News Feature | March 11, 2015

Providers To Use Tech For Chronic Care Management

Katie Wike

By Katie Wike, contributing writer

future-medicine

With CMS now reimbursing providers who actively manage the care of their patients who have two or more chronic conditions, a survey shows many providers plan to use health IT to meet the requirements.

On January 1, CMS began offering reimbursement for providers who actively manage care delivery for Medicare patients who have two or more chronic conditions. According to mHealth News, providers who wish to be reimbursed must use a certified EHR, have patient consent, and deliver five core care management services and at least 20 minutes of non-face-time follow-up care outside the office each month.

The words “non-face-time” and “outside of the office” are encouraging providers to turn to telehealth technology including home-based monitoring tools and video conferencing.
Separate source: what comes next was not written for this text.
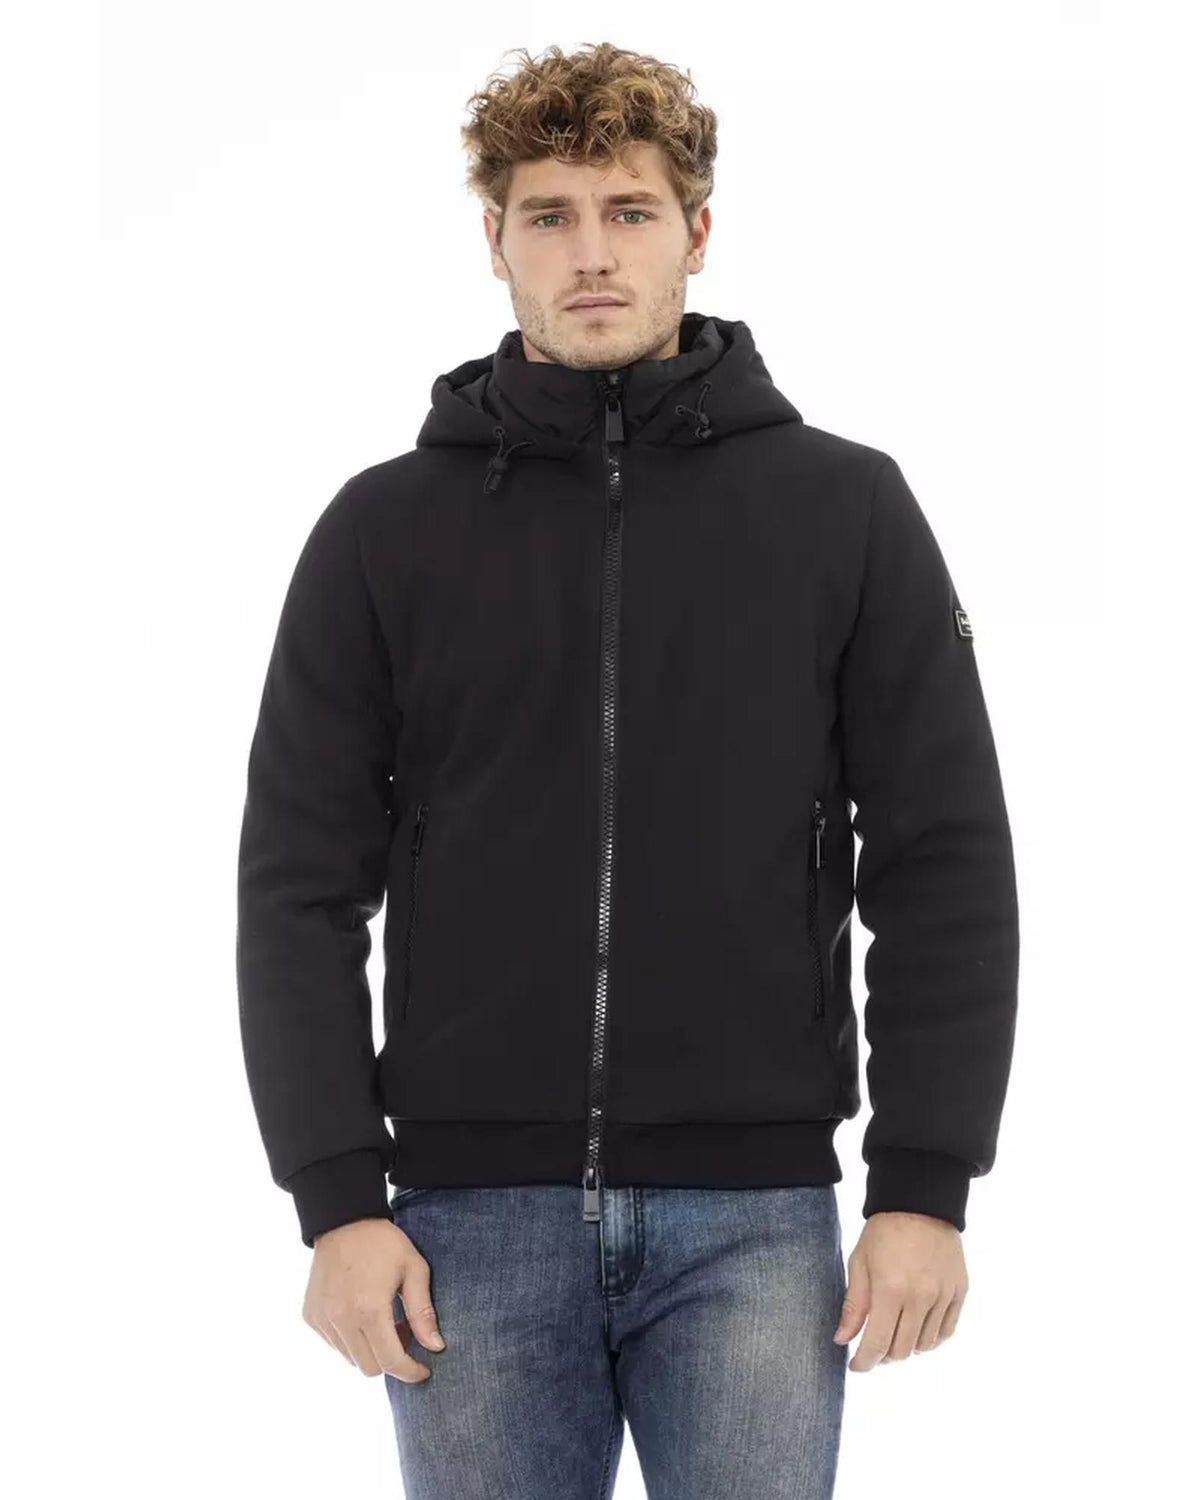 Threaded Pocket Jacket with Double Breasted Closure L Men

“Medicare beneficiaries got an important treat for home care of chronic care management, remote patient monitoring of chronic conditions, and other services when provided via telehealth,” Jonathan Linkous, CEO of the American Telemedicine Association said, according to mHealth News. “It has been a long time coming, but this rulemaking signals a clear and bold step in the right direction for Medicare. This allows providers to use telemedicine technology to improve the cost and quality of healthcare delivery.”

A Kryptiq survey found that, of the providers they asked, 76 percent said they would organize and structure to meet chronic care management program requirements within the next six months. When they asked how many would try to meet the program requirements in 12 months, 92 percent said they would.

“It can be tough to hear that your EHR implementation, the result of much organizational blood, sweat, and tears, is inadequate for emerging models of value-based care such as chronic care management,” stated Malcolm Costello, General Manager of Population Health at Kryptiq.

“Fortunately, many providers are already extending their staff into care coordination activities in pursuit of other value-based initiatives such as pay for performance or patient-centered medical home. We are committed to providing them with purpose-built, affordable health IT that extends their EHR investment, leverages existing staff and outreach activities, and ensures the reimbursement requirements are met to enable program billing.”